Too posh to push a musical? Victoria Beckham leaves reunion after just 10 minutes
Nick Clark sees five become one again (briefly) to launch the new Spice Girls show
Nick Clark is the arts correspondent of The Independent. He joined the newspaper in June 2007, initially reporting on the stock markets. He has covered beats including the City, and technology, media and telecoms and made the switch to arts in December 2011. He has also contributed articles to the sports section.
Wednesday 27 June 2012
Sixteen years after bursting on to Britain's music scene, the Spice Girls reunited yesterday to proclaim the return of "Girl Power" for a new generation.
The five women reunited briefly at the St Pancras Renaissance Hotel in London, which in 1996 provided the backdrop for the video of "Wannabe", the breakout song that sparked their rise to global stardom and topped the charts in 30 countries. Victoria Beckham, Emma Bunton, Melanie Chisholm, Melanie Brown and Geri Halliwell had been brought together – reluctantly or otherwise – to promote Viva Forever, a new musical featuring their songs which is due to open in the West End at Christmas.
The reunion did not last long. Shortly after the 10 minutes the group spent on stage posing for the assembled media, Beckham – unarguably the most famous of the five – was already on her way to the airport bound for Los Angeles, leaving the others to complete the publicity round.
The group recruited Judy Craymer, the brains behind Mamma Mia!, to oversee the project and Jennifer Saunders to write the script.
Although their glamour might have faded now, the Spice Girls remain icons of the 1990s; their use of nicknames, unique fashion sense and "Girl Power" mantra undoubtedly inspired other girl groups. They had nine No 1 singles and sold 75 million records worldwide, making them the best-selling female group in history.
Both the group and video location have been transformed since "Wannabe" was released. For yesterday's launch, gone were the tracksuits, replaced by designer labels – including Beckham's own – while the hotel itself has also been lifted from a derelict shell to one of London's most luxurious buildings following a £200m renovation project.
Halliwell, who quit the group in 1998, said: "Sixteen years ago, I couldn't imagine when we wrote the lyric 'Zig-a-zig-ah' it would end up in a West End show. It's absolutely amazing."
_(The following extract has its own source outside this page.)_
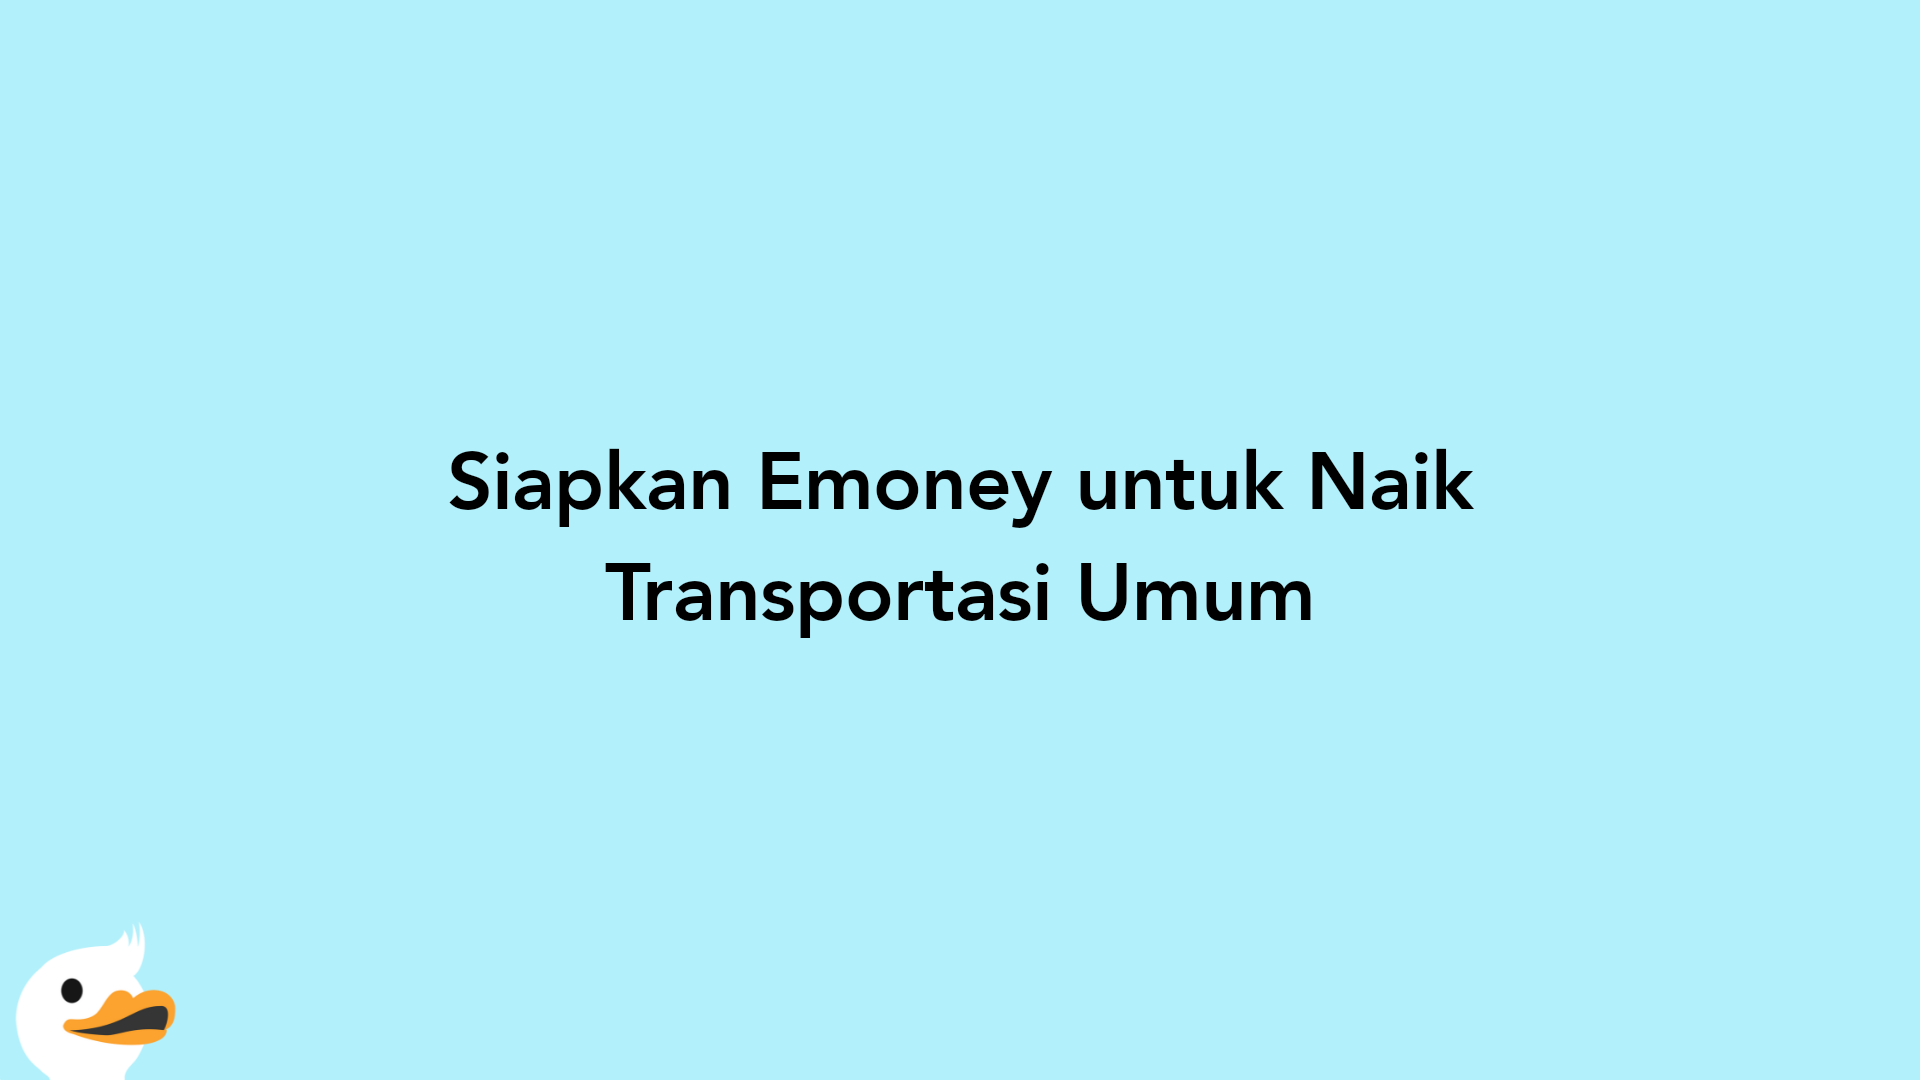 Siapkan Emoney untuk Naik Transportasi Umum

Times may have changed, but the Spice Girls' message remains the same. Beckham said: "We are going to be introducing a whole new generation to Girl Power. What we do individually is really empower women as well as collectively. I hope a load more people will come on board. We're just so excited."
Since the group split up, Beckham has become a fashion designer, while other members have gone on to solo careers and appeared as judges on reality television shows.
Halliwell said how great it was to be back with her fellow band mates. Indicating the others, she said: "She's nice, she's nice, she's nice. I'm lucky to know these girls." Brown jokingly replied: "You're just saying that because you left."
The group reunited in 2007 for a tour, with tickets selling out in 38 seconds.